Никто на него не смотрит, бросают вслед лишь короткое «извини». Кажется, только Вера замечает неестественность, скованность в его движениях. Она подходит к холодильнику, непослушными руками находит в морозилке пакет замороженных овощей, бутылку воды и идет следом за Виком, едва сдерживаясь, чтобы не перейти на бег. Сумочка с таблетками висит на ее плече, Вера как чувствовала, прихватила ее с собой.

Сплошная дубовая дверь находится быстро, хоть и расположена в темной стороне дома. Она заперта, Вера стучится, надеясь, что Вик находится именно за ней. Больше ему на первом этаже укрыться негде: повсюду люди, а гостевой санузел вечно занят.

– Вик, это я, открой.

Тишина. Вера стучится снова. На нее никто не смотрит, эта ванная находится в другом конце дома, а гости преимущественно у бассейна и бара.

– Белов, открой дверь. Я хочу помочь.

Он не отвечает, дверь по-прежнему заперта. Чтобы открыть снаружи, нужен специальный узкий предмет, но нет времени сейчас бежать – искать что-то подходящее. Вера начинает долбиться.

– Да вспомни, в конце концов, что у тебя есть яйца, и решись на смелый поступок! – срывается. – Я лед принесла.

Она подпирает спиной стену, прикрывает глаза, представляя, что он там один загибается, не пуская к себе никого. Даже ее, свою Веру, по-прежнему не доверяя, держит на расстоянии. Неужели не чувствует, как она к нему относится, несмотря ни на что? Как сильно ей хочется быть рядом, невзирая на его странности? Что ей еще сделать, чтобы он подпустил ближе?
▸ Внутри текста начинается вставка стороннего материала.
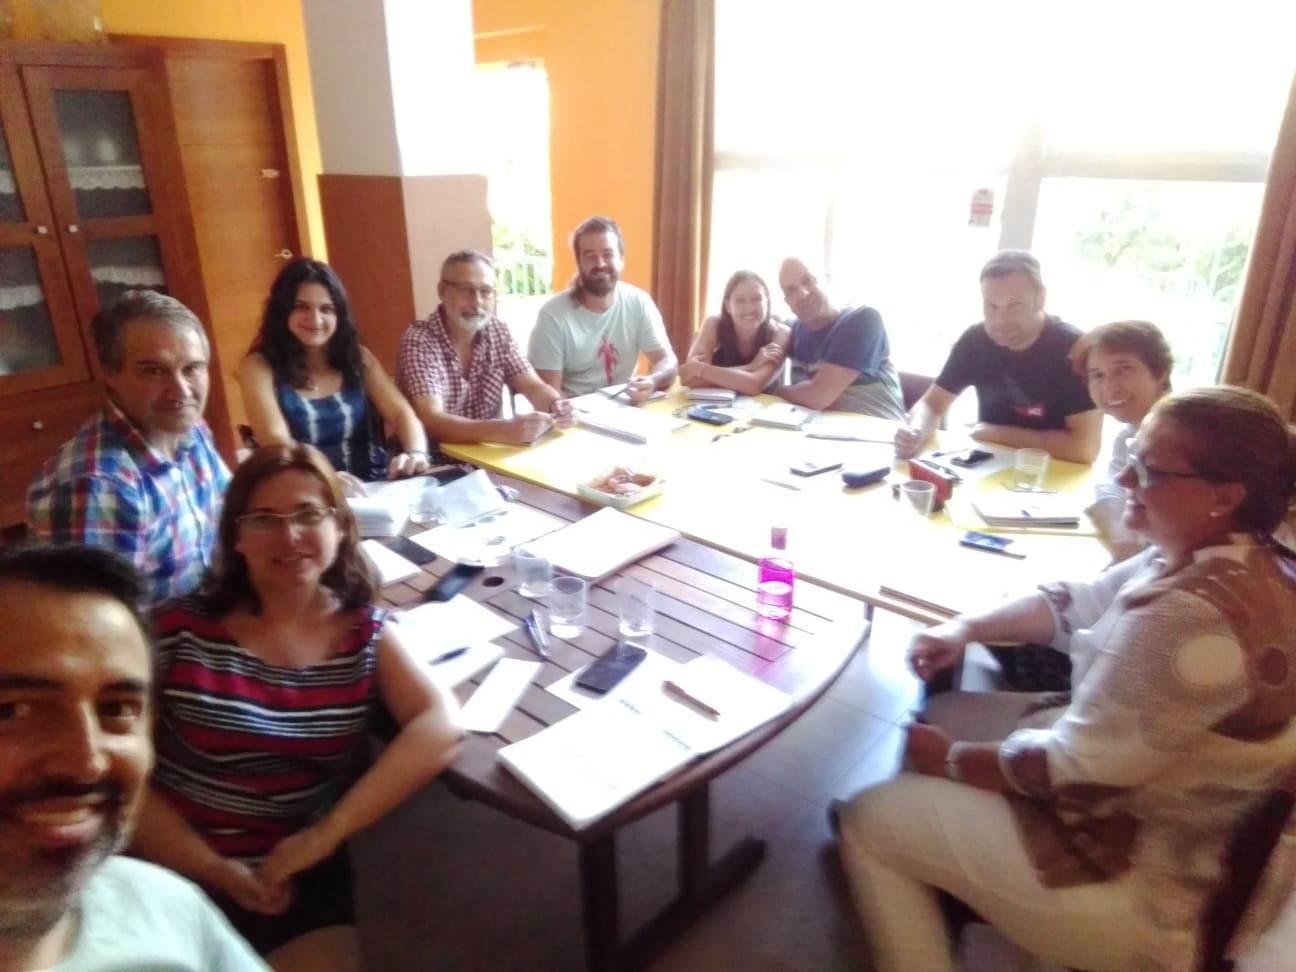 PX Zaragoza arranca el curso fortaleciendo su equipo de acompañantes

Проходит секунд двадцать, прежде чем замок все же щелкает и она протискивается через чуть приоткрытую дверь, сразу захлопывает ее и закрывается. Оборачивается.

Он без майки. Стоит в одних джинсах к Вере лицом, из крана за спиной бурным потоком льется вода, яркий свет ванной слепит, отражаясь в глянцевом потолке, черной плитке, безупречно белой чистейшей сантехнике.
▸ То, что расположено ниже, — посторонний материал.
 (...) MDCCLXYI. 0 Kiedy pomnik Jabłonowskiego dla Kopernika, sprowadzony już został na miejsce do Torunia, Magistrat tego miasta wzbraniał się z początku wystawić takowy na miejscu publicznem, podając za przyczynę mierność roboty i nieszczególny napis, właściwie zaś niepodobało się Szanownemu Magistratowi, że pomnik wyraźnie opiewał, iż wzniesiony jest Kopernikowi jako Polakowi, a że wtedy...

Белов смотрит на нее, ждет реакции, от которой будет зависеть многое в ее жизни. И всё – в их отношениях. И Вера вдруг отчетливо понимает, что не может улыбнуться ему и сказать: «Всего-то? Я-то думала, у тебя там что-то серьезное!», как это планировалось раньше.

Она тысячу раз представляла себе этот момент, готовилась сделать вид, что ей все равно, а дефекты его внешности – мелочь. Но она не может так сказать. Потому что не получится искренне, ни одна репетиция не поможет. Будет чистой воды лицемерие, и Вик это поймет непременно. Потому что он действительно выглядит плохо. Не просто плохо. Вера давит в себе это слово, но оно снова и снова всплывает в голове: тошнотворно. Не кожа, а месиво, которое так и застыло каким-то образом, зажило, зарубцевалось, как смогло.

Одного взгляда хватает, чтобы понять: когда Белова спасали, об эстетике не думали, дело касалось жизни и смерти. То, что это смогло в принципе зажить – чудо.

Веру начинает тошнить при мысли о том, как это выглядело сразу после пожара, сколько принесло боли. Эта боль словно передается по воздуху, она проникает в тело вместе с частицами кислорода, которые выдыхают его легкие, растекается по венам, покалывает кожу, которая ноет, будто тоже меняясь. Словно уродство может быть заразным и передается воздушно-капельным путем.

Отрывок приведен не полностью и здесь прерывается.